Is automation or, conceivably artificial intelligence, gradually taking manual flight control away from airline pilots?
This is a tough question few aviation experts are willing to face head-on. Yet, given the spate of mishaps involving highly automated airliners and resulting in in-flight incidents and, much less frequently, in aviation accidents with significant loss of life, hardly anyone involved with designing the hardware and software behind the automation of modern airliners can escape the question.
At present, there are no clear-cut answers. Some aviation safety investigation experts are still suggesting that on-board fly-by-wire hardware and software be improved in order for airline pilots to actually remain in charge of the airplane at any flight stage and be able to respond to unexpected in-flight challenges as they would with a conventional aircraft. Yet, nobody is tackling the basic underlying question: Why are competent airline pilots sometimes unable to deal, in tight circumstances, with both the benefits and limitations of highly automated fly-by-wire controlled airliners?
Why, for instance, should high-tech airliner operating manuals state that pilots are not to interfere with the auto-land mode (q.v. by flying the aircraft manually) once auto-land is selected? Is the underlying message that, once committed to auto-land, pilots must stick with it no matter what – for instance, during a Category III landing – except for a pilot ordered go-around?
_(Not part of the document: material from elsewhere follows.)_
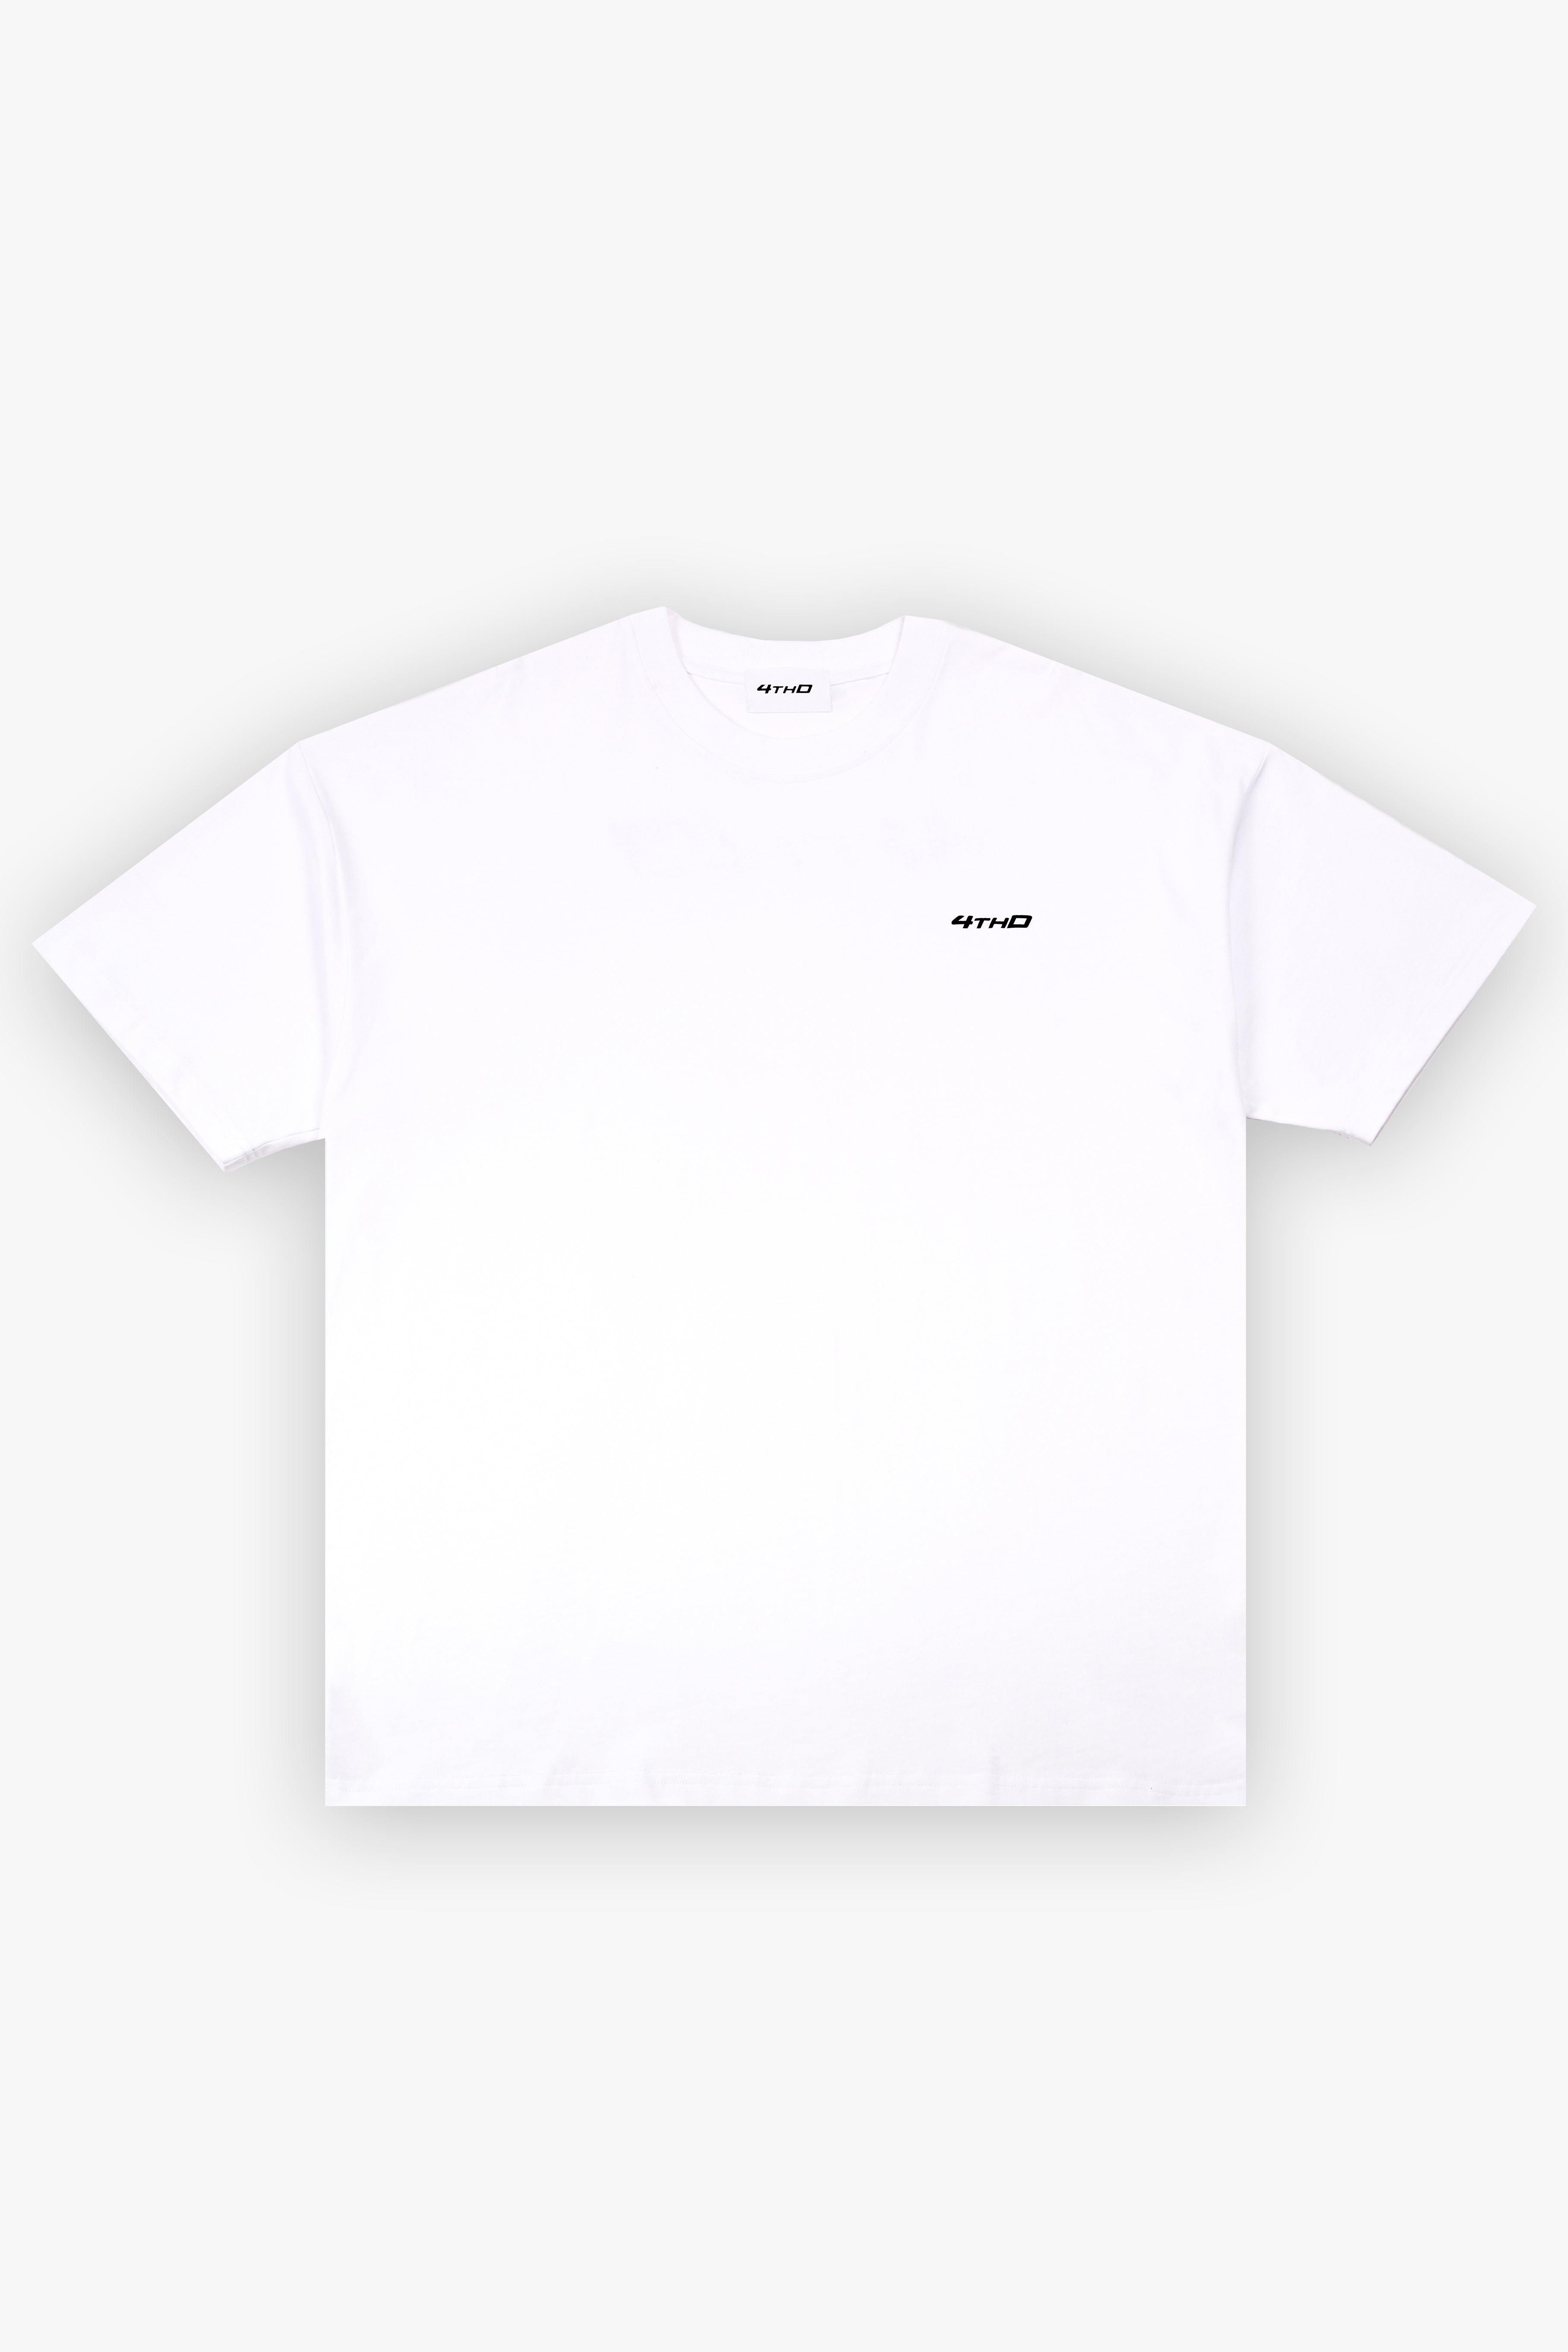 Pantone Shirt - White

This leads to another question: could it be that the more technologically advanced airliners are, the more pilots are inclined to remain hands-off during cruise-climb, cruise, descent, approach or landing stages of flight, despite pilot statements to the contrary?
Well, there is the crux of the case.
At present, airlines and public air transport authorities need to make a clear distinction between electronically assisted flight control and full flight management and control automation. Moreover, the initial and proficiency training of airline pilots needs further fine tuning in either case.
The tragic but sadly avoidable crash of AF447 on June 1, 2009, is but one major and recent accident involving advanced aircraft automation, awaiting technical recommendations from civil aviation authorities, that may provide some reassurance and solace to relatives and friends of victims of the crash that the industry can learn from its mistakes.
Modern airline flight operations appear to industry observers, including this humble blogger, who are unfamiliar with the latest on-board automation features, as a radical change in flying philosophy. Pilots of technologically advanced airliners no longer have direct three-axis and engine power inputs on such aircraft. Instead, they have to deal with a third party in the cockpit: the on-board flight management and control system run by one or more computers. This is a major mind-shift that pilots of so-called conventional aircraft and the airline industry at large have to contend with and catch up to, by relying more than ever on continuing and close support from aircraft manufacturers. And so do civil aviation regulatory authorities.
There isn’t much room at all for aviation safety stakeholders to play any sort of cat and mouse game with each other, while air transport flight automation is making quantum leaps. The investigation into Air France flight AF447 disaster that occurred on June 1, 2009, is a case in point.